Friday, March 19. 2010Memory usage in PHPA colleague called me over today for some help with a memory usage issue in his PHP script. The script was performing the basic (but critical) task of importing data, pulling it in from MySQL in large chunks, then exporting it elsewhere. He was receiving the wonderful "Fatal error: Allowed memory size of XXXX bytes exhausted (tried to allocate YY bytes)" error message. The code was following a basic flow: I fixed the memory usage exceeded problem with an unset(), at the end of a loop. Take a look at this sample program: loopOverStuff(); function loopOverStuff() { $var = null; for($i = 0; $i < 10; $i++) { $var = getData(); //Do stuff } } function getData() { $a = str_repeat("This string is exactly 40 characters long", 20000); return $a; } The important thing to realize is that PHP will end up needing around twice as much memory as getData() takes. The problem is the line $var = getData(). The first time it is called $var is incredibly small, it's clobbered and the return value of getData()is assigned to it. The second time through the loop $var still holds the value from the previous iteration, so while getData() is executing you're maintaining the original data (in $var), and a whole new set (being built in getData()). Fixing this is incredibly easy: function loopOverStuff() { $var = null; for($i = 0; $i < 10; $i++) { $var = stealMemories(); //Do Stuff unset($var); } } This way we avoid the duplication in memory of those values on that line. To see this happen in more detail take a look at this sample script with ouptut: memory-usage-example.php. This isn't critical, except when it is. Once loopOverStuff() completes, and the function ends. The memory is released back to the rest of PHP automatically.
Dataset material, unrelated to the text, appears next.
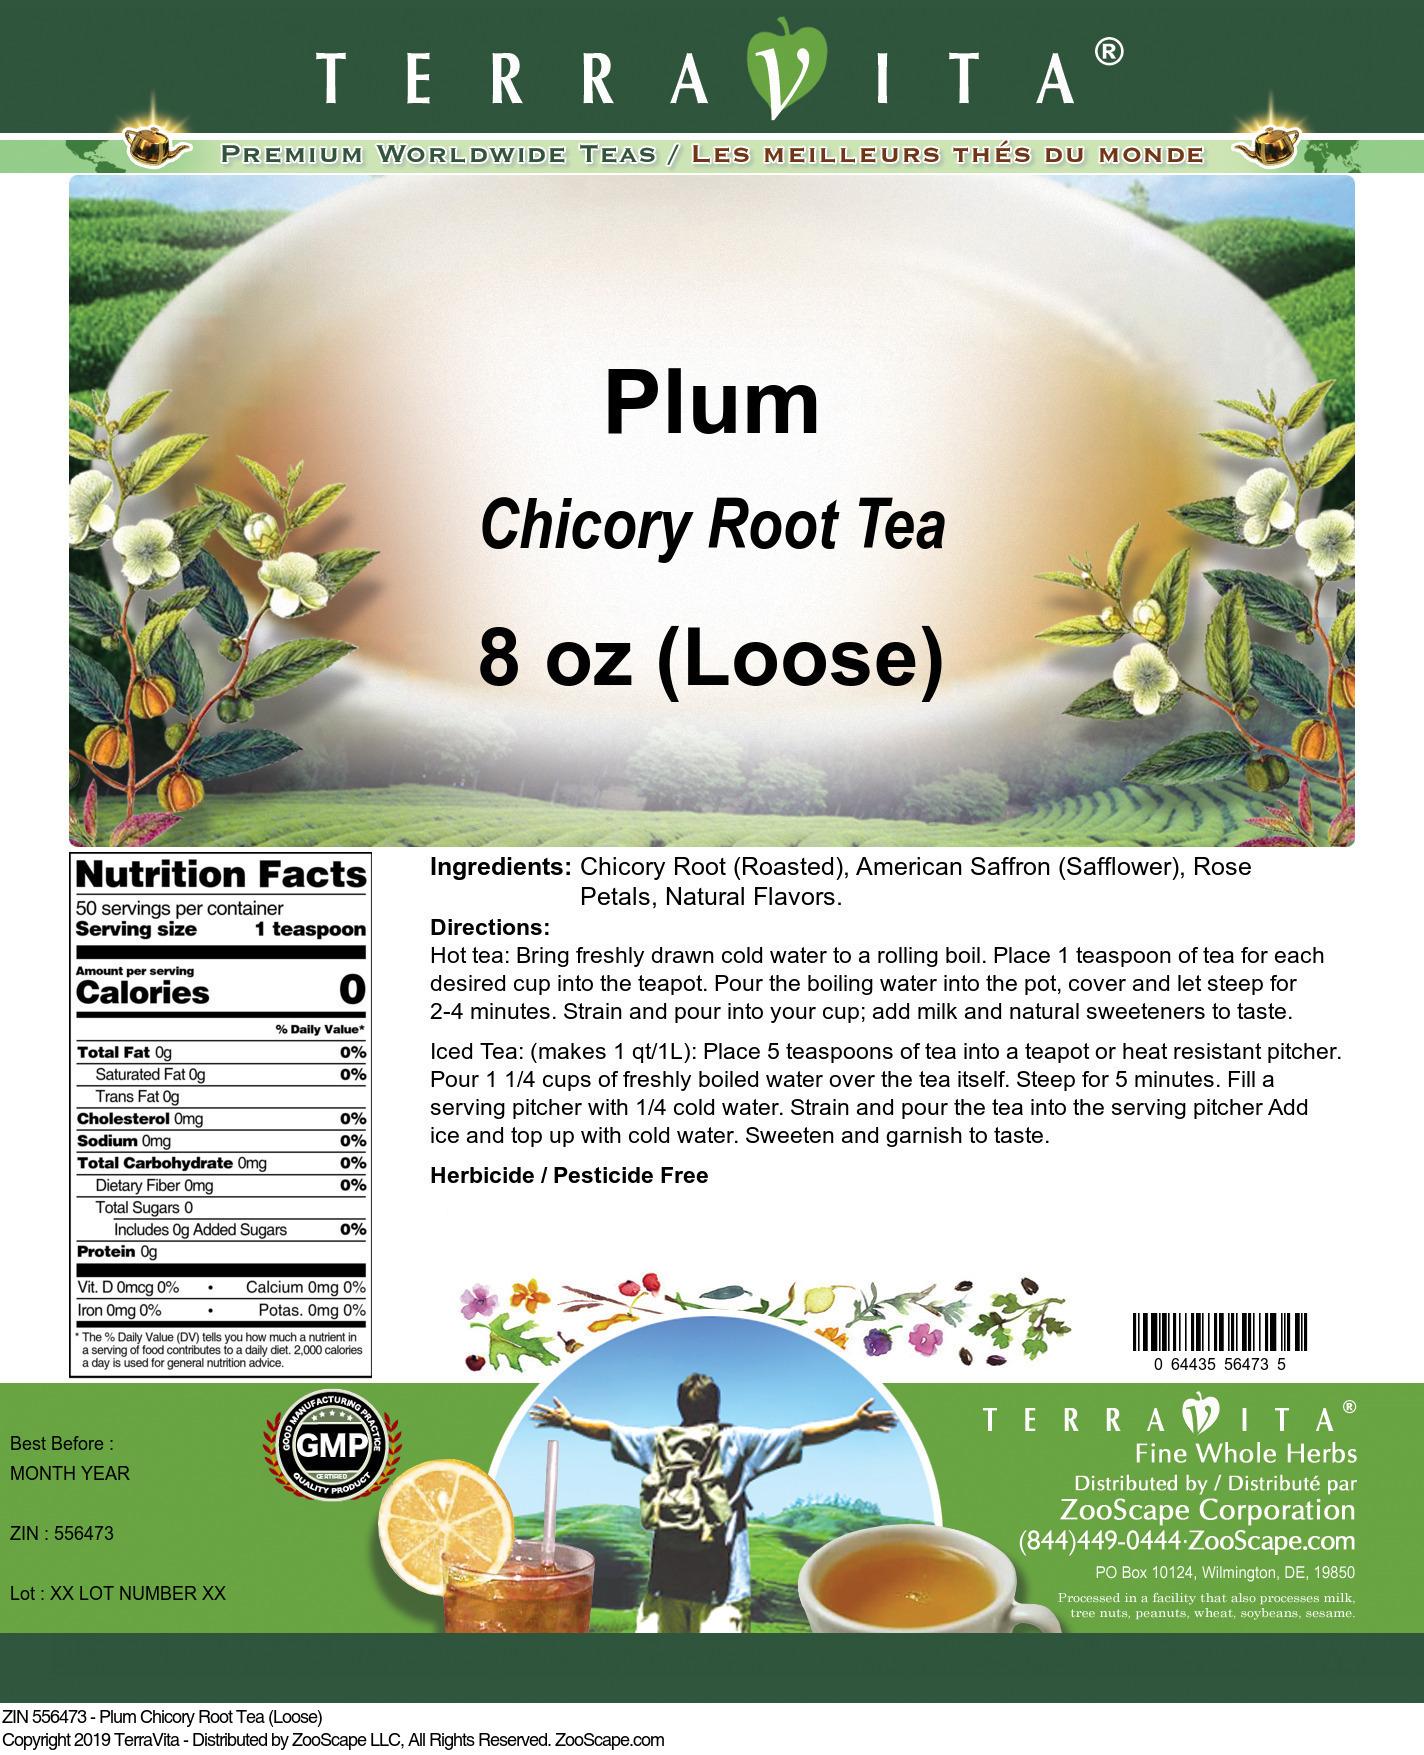 Plum Chicory Root

You'll only run into problems where Other Stuff + (2 * memory needed in loop) > Memory Limit. There are better architectures available to avoid the issue entirely (like not storing everything in the array, just to iterate over it later) but they're an issue for a different post.For a very simple base case demonstration of the issue take a look at the simple example. Comments
Display comments as
(Linear | Threaded)
This why learning a language like C/C++ is so useful. Those languages force you to manage memory and that skill translates nicely to scripting languages like PHP/Python.
Not really, all you need to come up with an idea like "hey, using unset will free me some memory and $var set in the loop exists outside the loop and between each iteration!!!" is a bit of logical thinking and knowledge of basic PHP stuff, C/C++ has not much to do with that
Also, using unbuffered queries with MySQL can save lots of memory. I talked about that at the 2008 MySQL Conference and on WebDevRadio. Slides and interview at http://brian.moonspot.net/2008/05/03/interview-with-webdevradio/
If you run the script with Xdebug, like:
php -dxdebug.auto_trace=1 -dxdebug.trace_format=1 paul.php You can clearly see this behaviour as well.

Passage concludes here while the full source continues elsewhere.